Closed-End Funds FGI and FGF: Will the Foolishness Never End?

Includes: FGF, FGI
by: Dan Plettner

A fool and his money are soon parted. In the investment industry, observation of advisors wasting client wealth occurs far too frequently. What is uncommon in the investment business is to watch advisors waste not only the investor's wealth, but the advisor's own ability to bill the fund company on assets under management ("AUM") - the advisor so culturally engrained with disservicing investors that they disservice themselves in the process.

SunAmerica's Closed-End Funds Focused Alpha Large-Cap (NYSE:FGI) and Focused Alpha Growth (NYSE:FGF) may provide the rare example.

In Closed-End Funds, once shares are issued in an IPO, the advisor has minimal financial interest to add value for the funds' shareholders. Shareholders cannot simply redeem their shares for Net Asset Value ("NAV"); in aggregate they are captive. If nobody wants to buy a certain closed-end fund at NAV, it will trade at a discount. The advisor collects fees from the Closed-End Fund regardless whether the advisor appears to have added value, and whether the shares have traded at a perpetual discount.

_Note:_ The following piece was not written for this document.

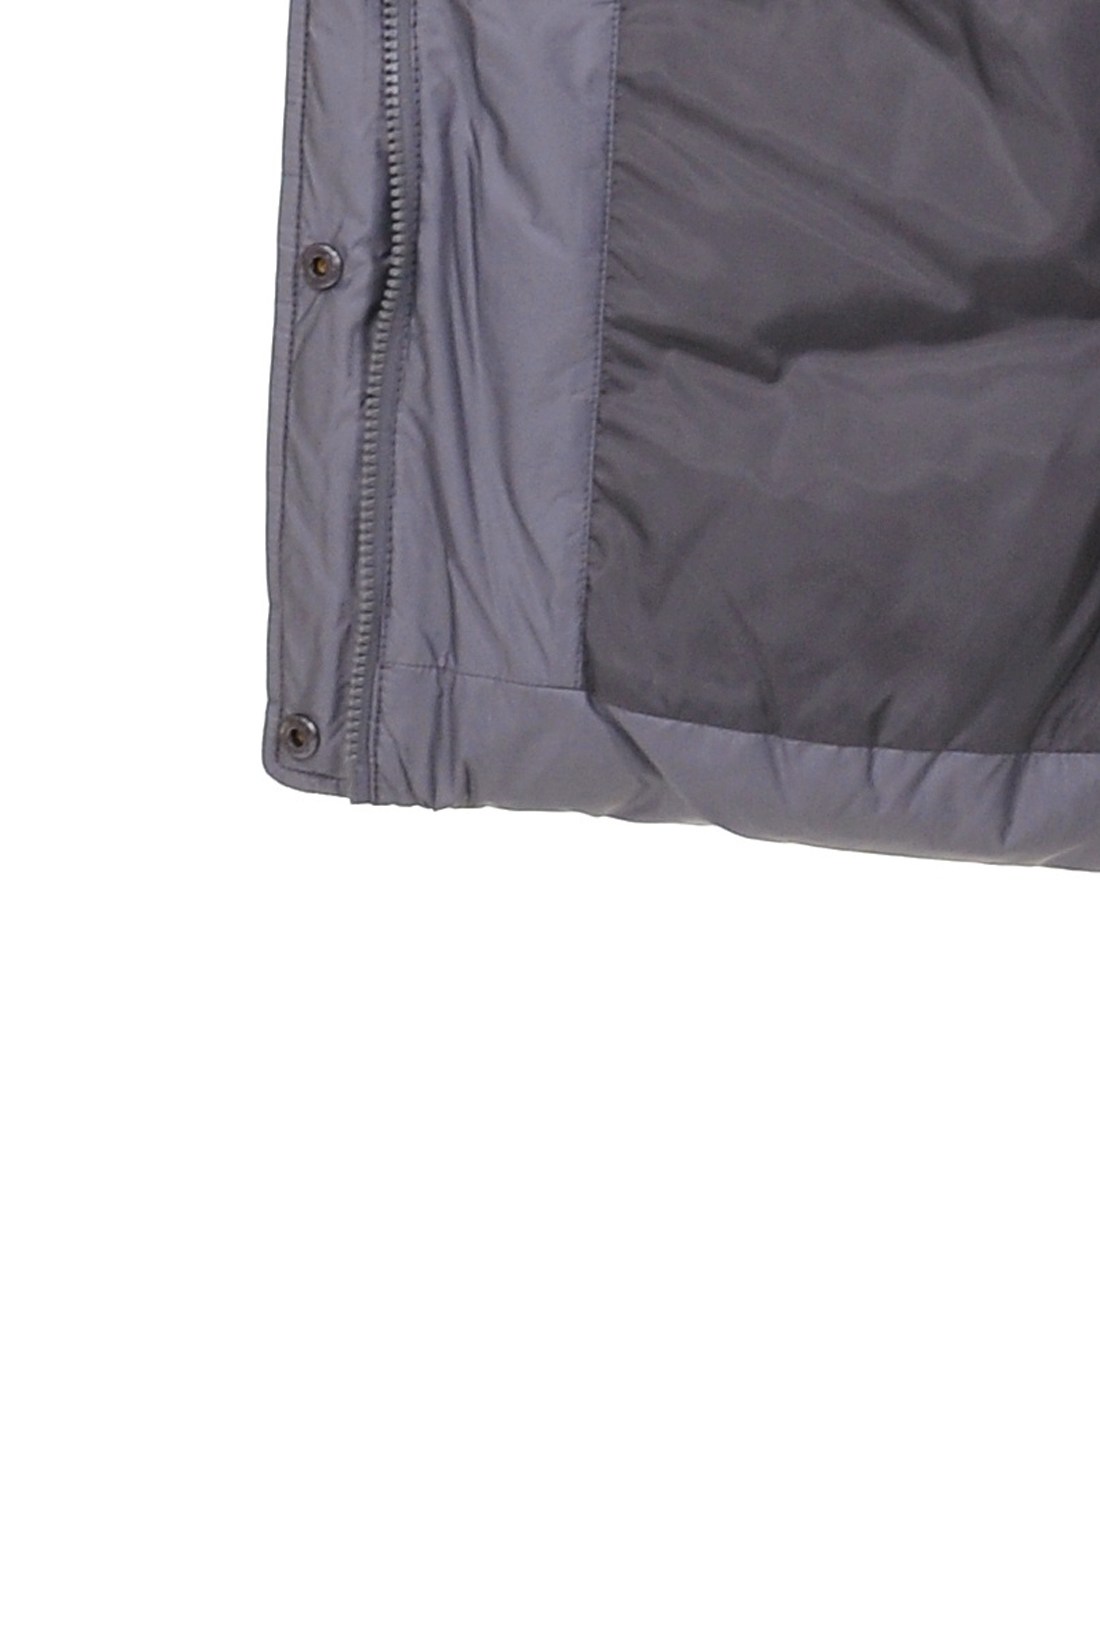 Длинный пуховик с чернобуркой (арт. baon B009552), размер XXL, цвет серый Длинный пуховик с чернобуркой (арт. baon B009552) - фото 3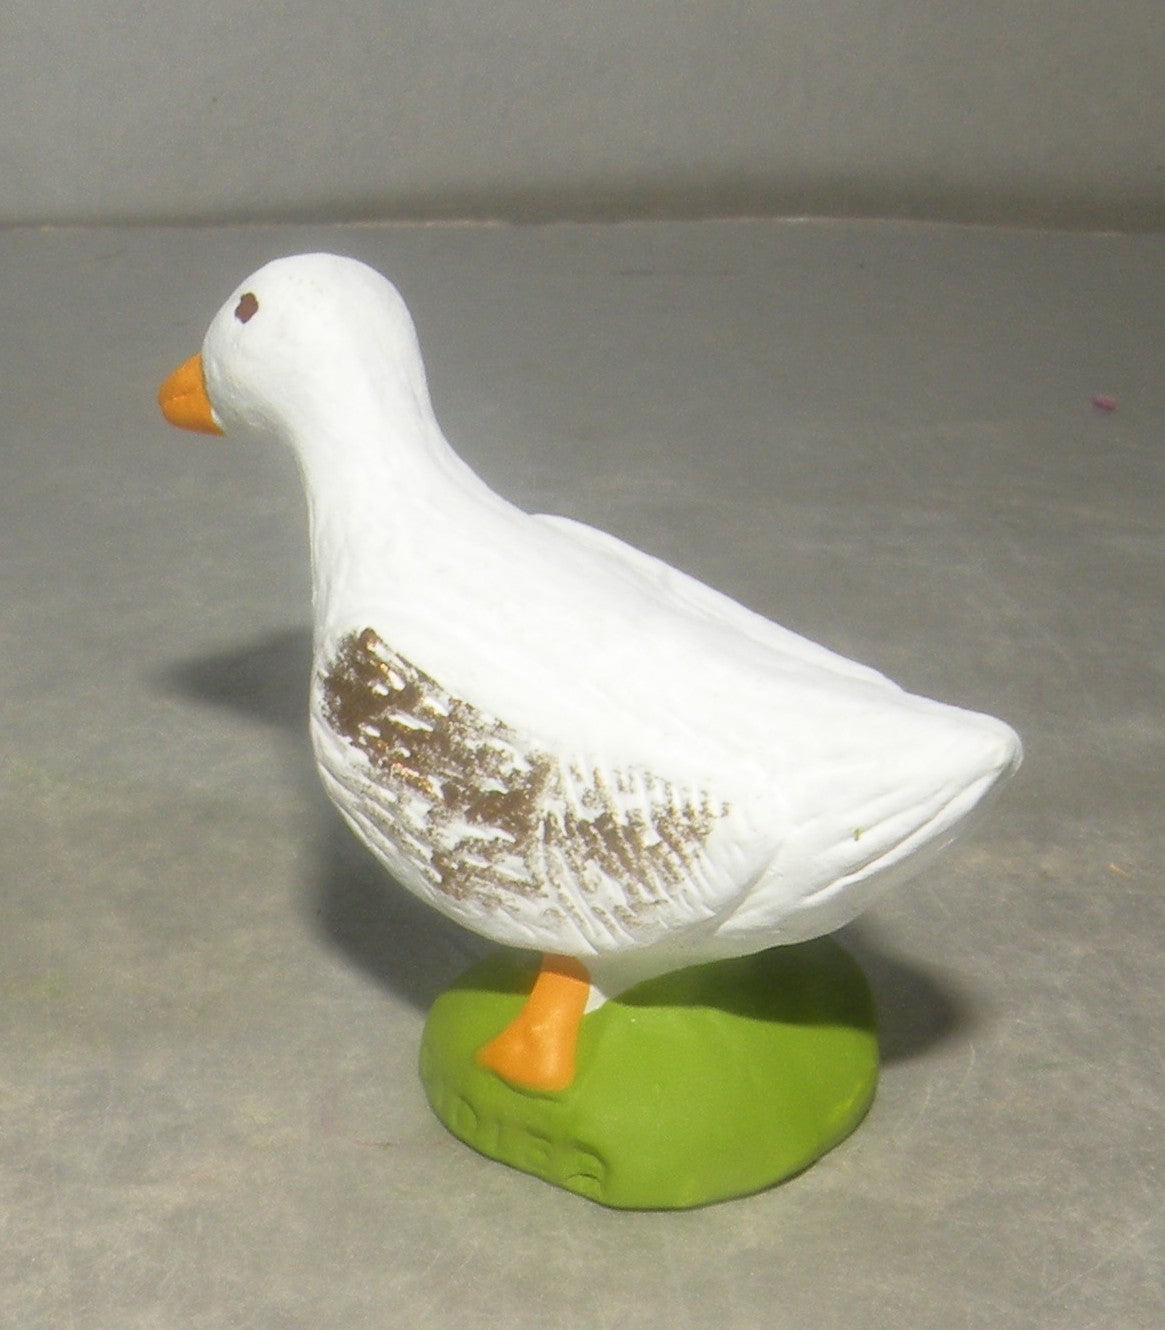 Duck, Didier, 10 Cm

FGI and FGF traded to a discounted valuation shortly after their IPOs, and have stayed there. Shareholder proposals to terminate each funds' Advisory Agreement appear on every shareholder's voting proxy this year. The proposal could have the effect for every shareholder to achieve liquidity at or near NAV, although that point may not be apparent to all readers of the proxy.

Regardless what is best for shareholders, the advisor's financial streams from the fund's underlying assets would stop if shareholders collectively exited. Would it surprise anyone to learn the board has recommend voting against the proposals, and that broker non-votes will be treated as votes against?

On March 29, DealFlow Media's Closed-End Fund Alert (to which I contribute) covered the shareholder base, and the extent of foresight with which SunAmerica was (or wasn't) managing their AUM sacrifices. Two days later, FGI and FGF announced their chairman was retiring, and that existing legal counsel had been nominated to replace him.

I own FGI and FGF shares only because I believe the shareholder base will escape captivity. The voting power and savvy of filers including as Bulldog Investors (18.55% of FGI and 18.52% of FGF), and Karpus Management (whose schedule 13-G's accounts for another 13.21% and 8.52% of ownership respectively) lead me to believe that the proposals will pass or that their favor will cause the meetings to be canceled for more amicable proxies. I do not think it matters how foolish SunAmerica's boards assume their shareholders to be. Not here. I do not think it matters how little SunAmerica cares how it defines itself as a money manager. Not here. There are lots of smart shareholders.

Throughout the post-IPO years, while market discounts were allowed to persist (and reflected in lesser values of shareholders' positions) was a culture born? Was the habit of not creating value for shareholders even more culturally learned by the boards than prioritizing the advisor's AUM interests?

The answers may only matter to onlookers seeking to look at FGI and FGF as a case study of poor planning. In my estimation, the inmates are escaping the captive walls of FGI and FGF. Still, the boards are reluctant to grasp the reality of the situation. With every passing day the shares are increasingly in the hands of institutional investors. The only thing current boards might do is delay the inevitable, further adding to the coffers of their lawyers tasked with the same priorities that existed long ago. I see the boards' choice to oppose the proposals without offering an open-ended alternative as only their latest foolish choice.

Disclosure: I am long FGI, FGF, including numerous accounts licensed to Covestor (Core, Well Intentioned Activism Profile Closed-End Funds, Long/Short Opportunistic).